# I can't orgasm...



## sunny747 (Nov 25, 2009)

My husband & I have been in a relationship for 4 yrs, married 2. I'm 21. I have only had an orgasm with one person & I'm very embarrassed about the situation. The person that I cam with was a pedifile( I was 12 & he was in his late 40's), for the year that he molested me I was able to, but I have never cum with anyone else. I can do it by myself. I feel like he robbed me of something that was supposed to be a great thing to experience with a lover, not his perverted self. What do you guys think about my situation? Can pedifiles be cured?


----------



## hubby (Aug 10, 2009)

My wife has a difficult time as well and it was not until recently that she could have an orgasm with me. Has he tried oral and/or manual stimulation? Are you able to completely relax?


----------



## Andy1972 (Dec 3, 2009)

You really need to relax and give yourself to that moment. Try squeezing him and thinking dirty thoughts at the same time. Orgasms can come in mutiples by doing this. Try using a stimulant.
I'm sorry but I cannot understand how you orgasmed at the age of twelve much less with a pedophile. I thought orgasms only came when you were turned on. How can a twelve year old be turned on at all especially by her molester. Have you talked with a doctor about that? Something was not right and now it is affecting you.
NO!!!! pedophiles cannot be cured. They are sick mentally and are very dangerous. Why do you ask?


----------



## folderol (Dec 6, 2009)

Hi there - this is my very first post on this forum, but I thought it was important that I respond. I too was molested when I was 10, although my situation was different - I didn't orgasm with the person who did this, but I am now married and find it very hard to "just relax" and orgasm. We've tried so many different ways but I just can't seem to do it. If I do it by myself, or if I do it with my husband to myself, I can orgasm within a few minutes sometimes. Sometimes I think it's a weakness thing - like if he can make me orgasm, in my head I seem weak. I know that may sound dumb to some people, but I've talked to other survivors and they feel the same way. The orgasm, or even initiating sex has to be on their terms - it's like being in control of your own sexuality. 
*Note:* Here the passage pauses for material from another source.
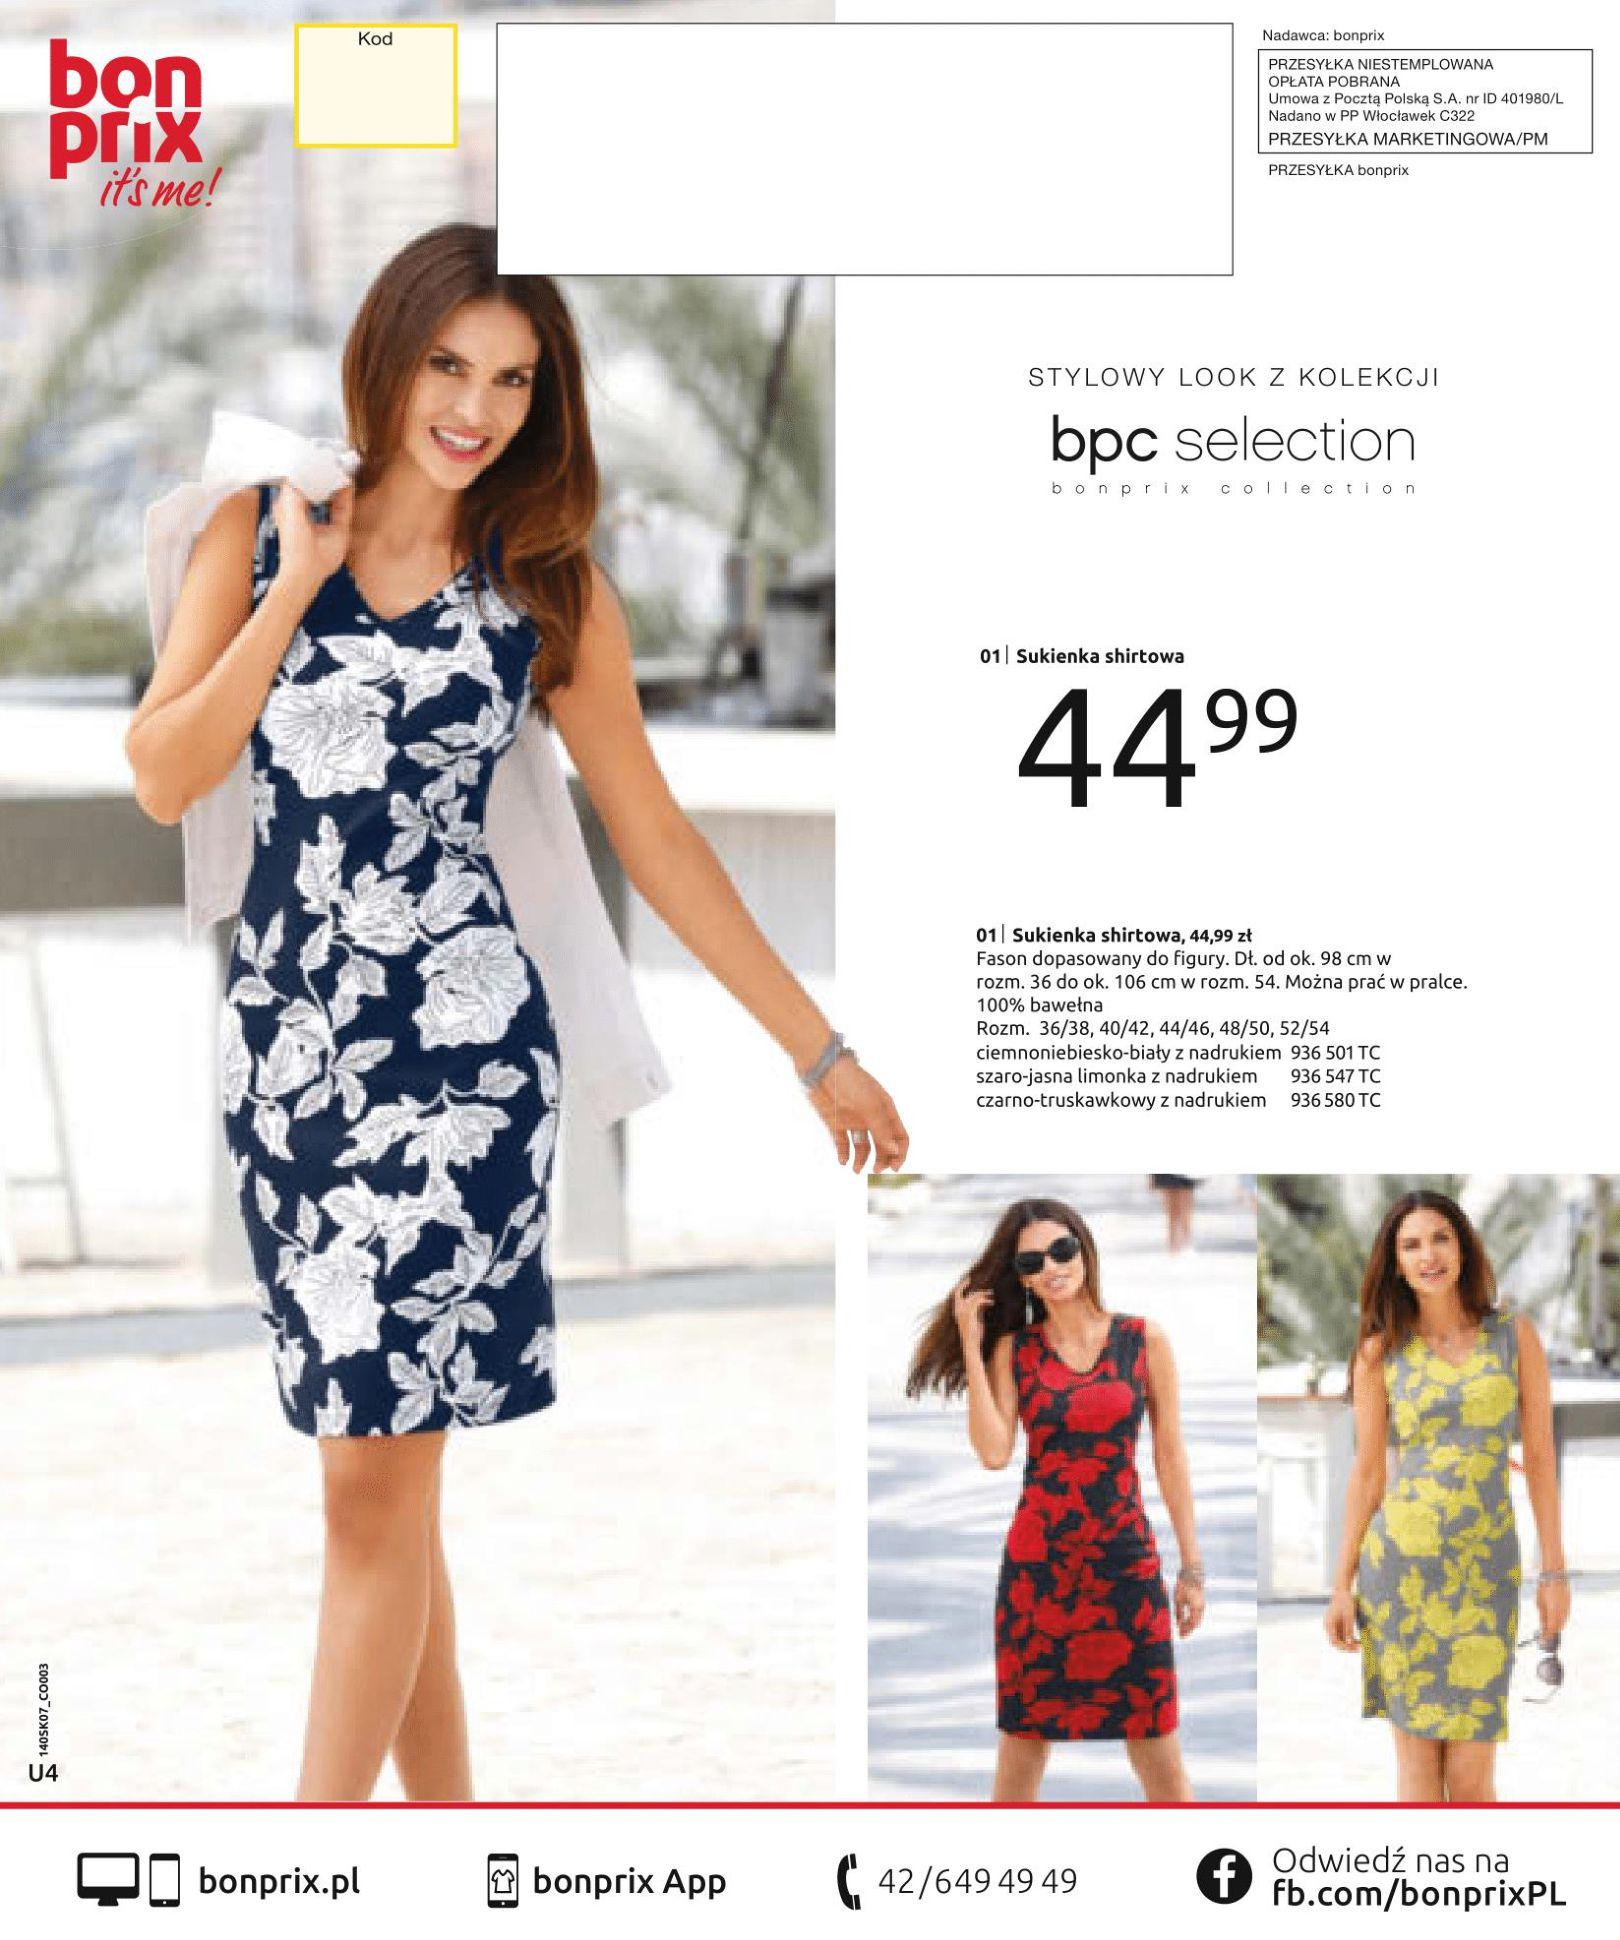 Gazetka Bonprix - Letnie trendy-02.07.2019-15.01.2020-page-76

Anyhow, I just thought I'd share that with you. I don't know if pedofiles can be cured, but I sure hope that someday there will be therapy or a "cure" for them. 

Take care!


----------



## Ditajr (Nov 24, 2009)

Andy1972 said:


> You really need to relax and give yourself to that moment. Try squeezing him and thinking dirty thoughts at the same time. Orgasms can come in mutiples by doing this. Try using a stimulant.
> I'm sorry but I cannot understand how you orgasmed at the age of twelve much less with a pedophile. I thought orgasms only came when you were turned on. How can a twelve year old be turned on at all especially by her molester. Have you talked with a doctor about that? Something was not right and now it is affecting you.
> NO!!!! pedophiles cannot be cured. They are sick mentally and are very dangerous. Why do you ask?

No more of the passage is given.